Shilling, il regista mistico insegue un sogno europeo
Una maledizione del nostro teatro è che spettacoli belli e importanti spesso abbiano una replica o due. Tra questi, ecco I lavoratori della montagna nera di Bence Bíró del Teatro Reale di Cetinje, il più antico teatro pubblico del Montenegro, presentato ai Quartieri dell’Arte di Viterbo.
Probabilmente questo spettacolo non lo avremmo visto, o non ci sarebbe stato, se la regia non fosse di Árpád Shilling, uno dei grandi (ma anche singolari) registi europei. Vidi un suo Leonce e Lena di Büchner nel 2002 a Cividale. Ma Schilling era noto in quegli anni (lui ne aveva meno di 30) agli spettatori del Piccolo, dove tornerà l’anno prossimo. Nel 2008, a Budapest chiesi sue notizie, mi dissero che aveva abbandonato il teatro a causa di una crisi mistica, se ne andava vagabondo per l’Europa. Ma lo incontrai di nuovo come direttore di uno spettacolo circense a Roma. Era, così sembrava, parte del risultato della crisi: forse, non una crisi mistica, ma un tentativo di abbandonare il teatro tradizionale.
Lo ritroviamo nel Montenegro e sarebbe difficile non pensarlo come lontano non solo da un mondo più o meno classico ma anche dalla politica del suo paese, l’Ungheria. I lavoratori della montagna nera nasce senza ombra di dubbio da una spinta del sentimento europeo: nel caso del Montenegro, la volontà, il desiderio di esserlo, essere (intendo) europei. Come nazione, il Montenegro ebbe la ventura di un’autonomia per brevi periodi, ma la sua è una storia di dominazioni. Divenne ciò che è oggi dieci anni fa, un piccolo paese proteso verso l’Italia in prima istanza, poi verso la Germania o l’Inghilterra.

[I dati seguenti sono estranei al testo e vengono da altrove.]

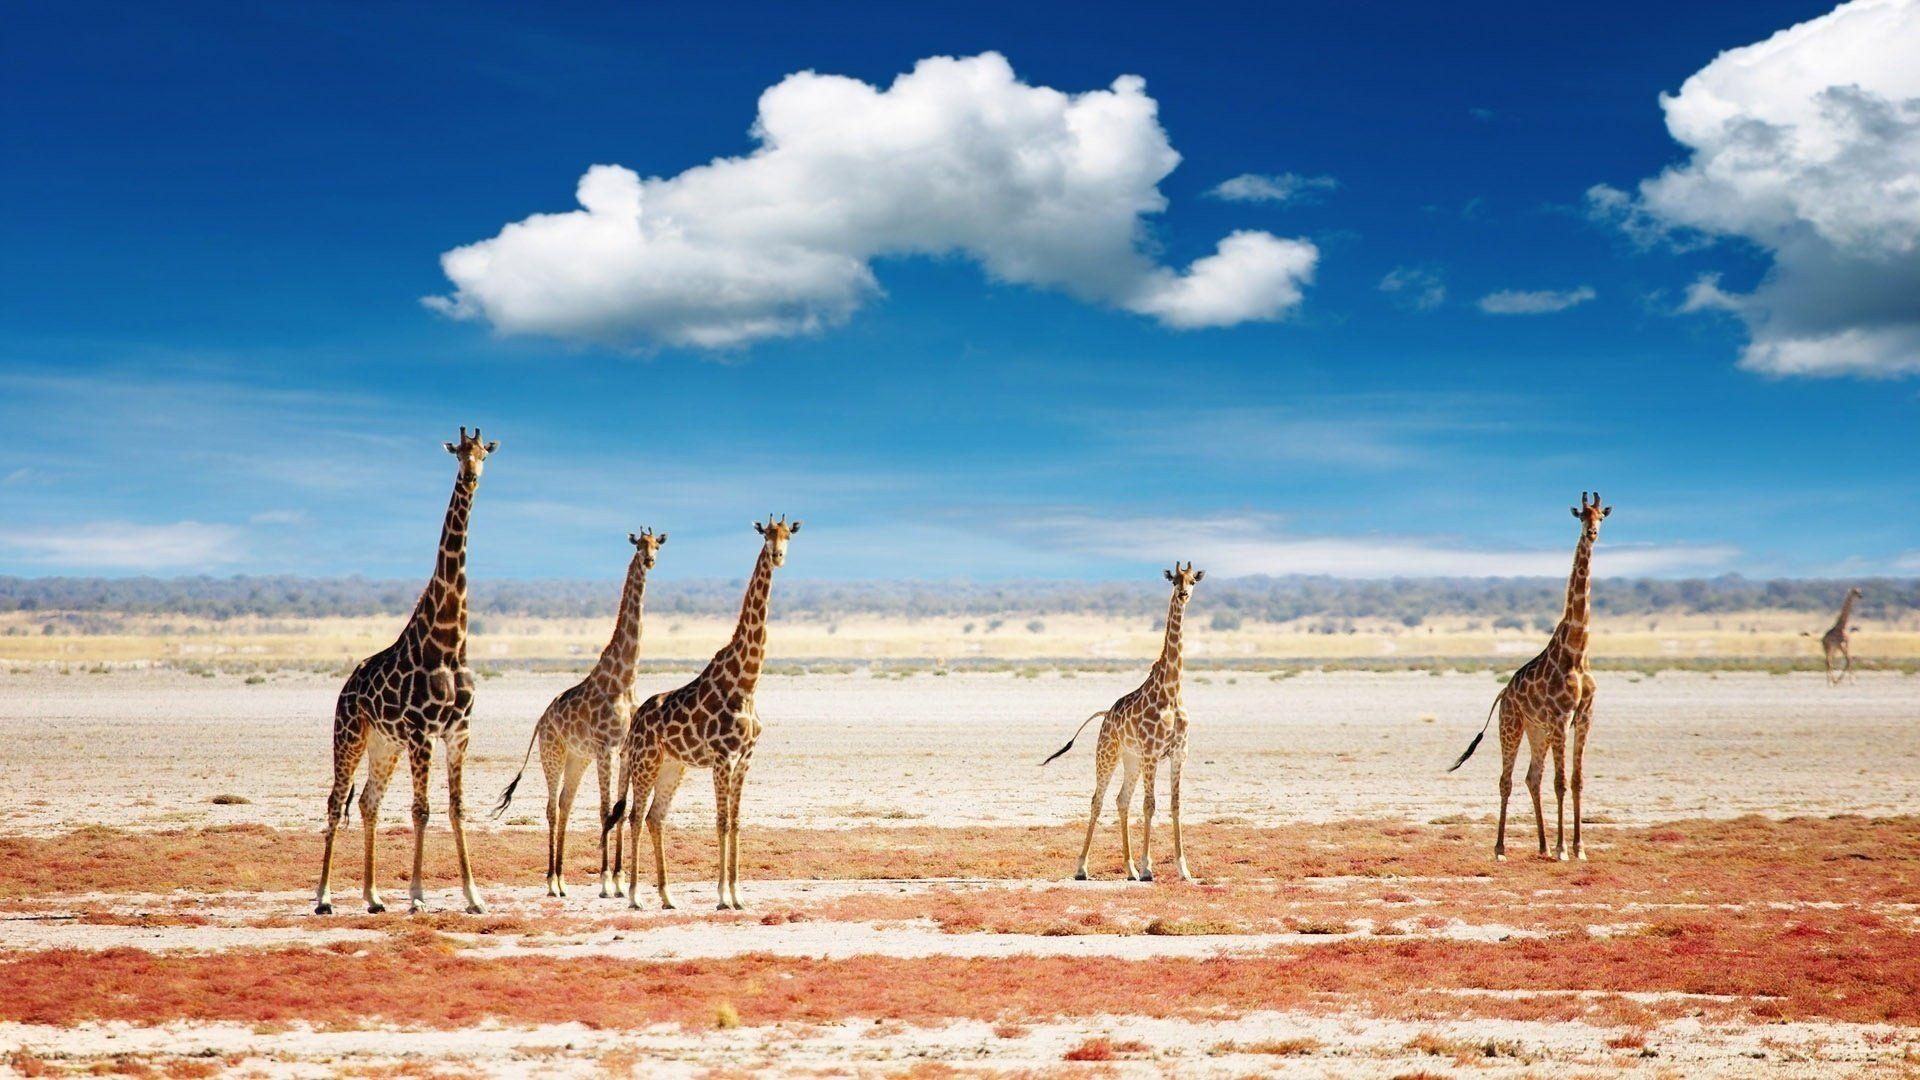 Pictures On The Desktop Giraffes

A sentire gli attori parlare di se stessi, delle loro storie, viene in mente Versoterra di Mario Perrotta, visto a Lecce in settembre: là parlavano gli albanesi che erano arrivati fin qui, nel dramma di Bíró parlano nella stessa lingua o in una assai simile i montenegrini che vorrebbero e non vorrebbero partire.
In effetti patiscono una vita difficile ma hanno l’orgoglio della nuova indipendenza. In 18 scene a incastro ci imbattiamo in situazioni di disagio sociale e familiare: un licenziamento, una lite tra moglie e marito, un tentativo di rapina in banca cialtronesco e finito male, la rivendicazione della propria libertà da parte di una figlia che vuole andarsene almeno quanto lo vuole un suo collega di altra nazionalità, quella ragazza che ora è in Inghilterra, ma che dopo il Brexit vorrebbe tornare: «Gli vanno bene gli indiani e i cinesi, noi balcanici non ci sopportano».
La forza dello spettacolo sta nella nuda scenografia della sconsacrata chiesa di Sant’Egidio e nella naturalezza, fino alla scabrosità, della recitazione. Si è in scena ma è come se non vi si fosse o la faccenda fosse riservata a pochi intimi. Questi attori straordinariamente bravi ed eloquenti, hanno la tenerezza dell’inermità (della povertà) e la determinazione di voler essere qualcosa di più, sinceri nell’espressione dei propri sentimenti e liberi di dar loro una integrità, una limpidezza.